SIGBUS errors in HHVM
Hi all. I work on HHVM, Facebook's PHP JIT compiler. We're currently on SQLite 3.30, and we've been noticing rare SIGBUS errors blaming within SQLite code. The stack trace tends to look like this:
sqlite3WalFindFrame.constprop.0 readDbPage getPageNormal moveToLeftmost sqlite3VdbeExec sqlite3_step sqlite3_exec HPHP::Facts::(anonymous namespace)::AutoloadDBImpl::analyze()
I'm simply executing a prepared
ANALYZE query statement. The DB is stored on a disk that has plenty of free space left.
I don't have a reproducible repro, but I'm mostly asking exploratory questions at this stage.
How can we prevent these SIGBUS errors in our application?

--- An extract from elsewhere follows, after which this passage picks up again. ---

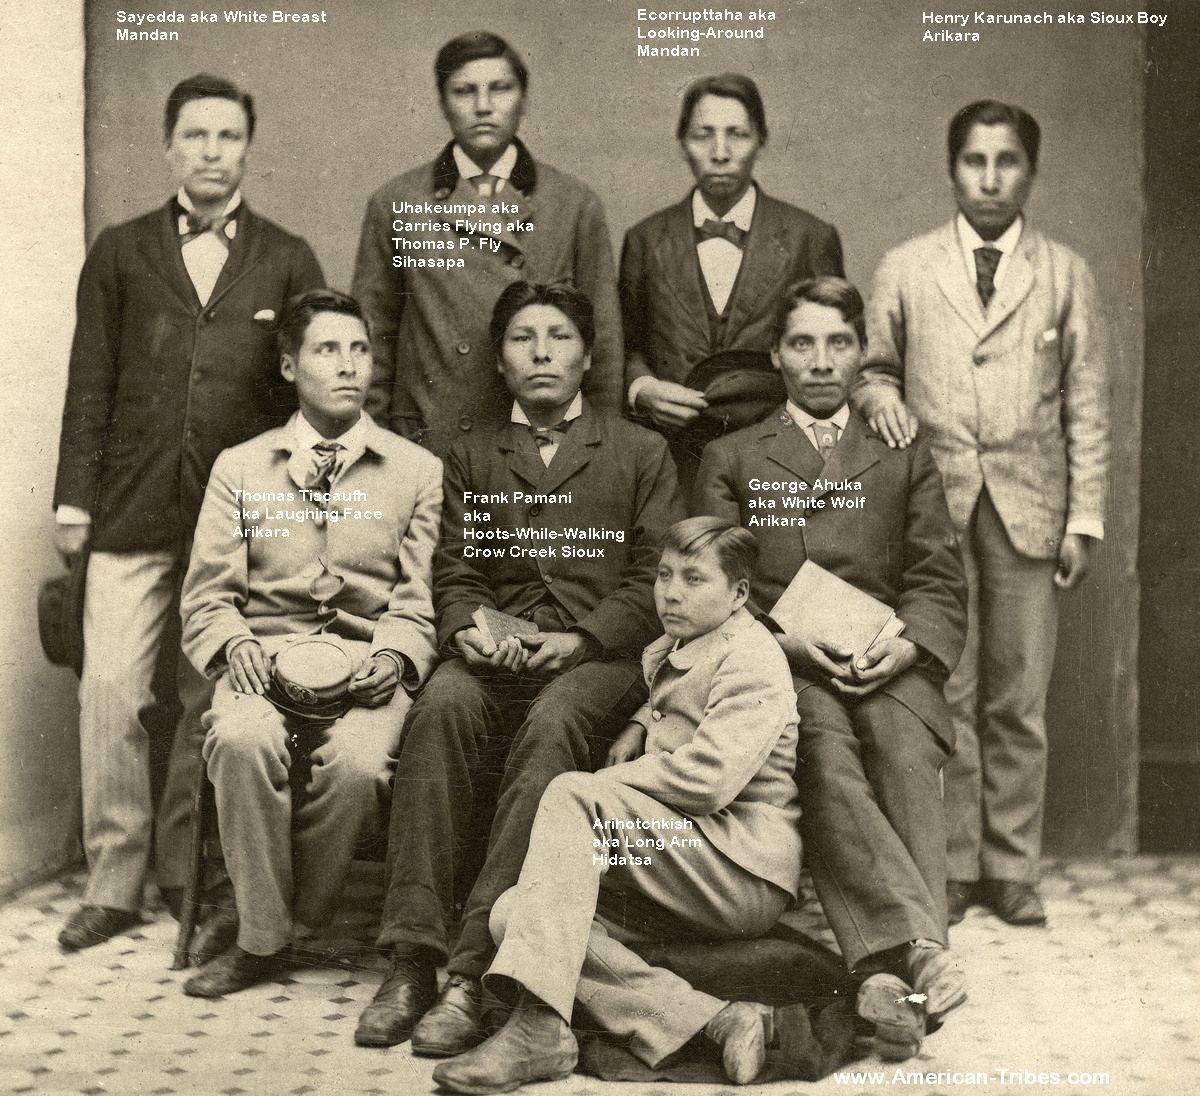 http://www.american-tribes.com/messageboards/dietmar/hamptonID1.jpg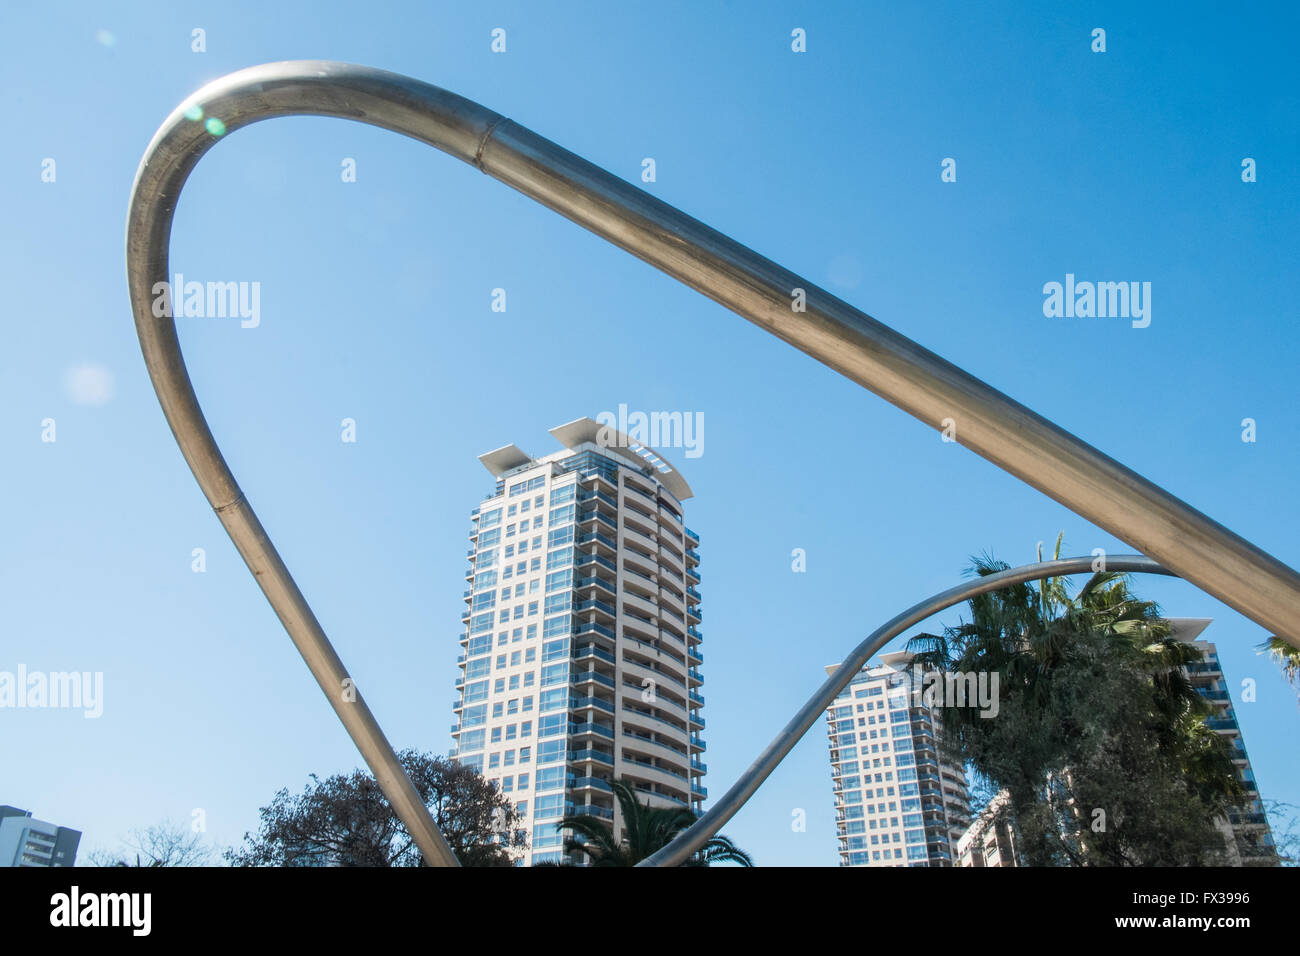 Tubular Structures in Parc,Park Diagonal Mar, Barcelona, Spain.Barcelona,Catalonia,Spain,Europe. Stock Photo

I saw that, in 2012, this ticket in 2012 led to this bugfix in SQLite's code. Could this potentially be a bug in SQLite that we can help triage?
sqlite3WalFindFrame() accesses the *-shm file via an mmap() mapping. So one way this could happen is if some external program or malfunctioning SQLite library is truncating the *-shm file while it is being used.
In 2012, it looks like the SIGBUS happened because there was insufficient disk space, and Linux doesn't actually allocate the page until the first time it is accessed. So the first time SQLite accessed the page - SIGBUS. This can't happen if you use fallocate() (or a series of write() calls) to preallocate the pages.
After the crash happens, is the *-shm file left on disk zero bytes in size?
The DB is stored on a disk that has plenty of free space left.
Is it a local or network disk? File i/o via mmap can result in SIGBUS if accessing a network filesystem that is experiencing problems.
(possibly this is a reflection of the more general issue that the mmap API does not provide any way for I/O errors to be reported)
Our developers have their SQLite DBs on local disks running Btrfs. Developers do occasionally run into
SQLITE_IOERR errors when writing to disk.
I'll get back to you when I have a reliable answer to this question😅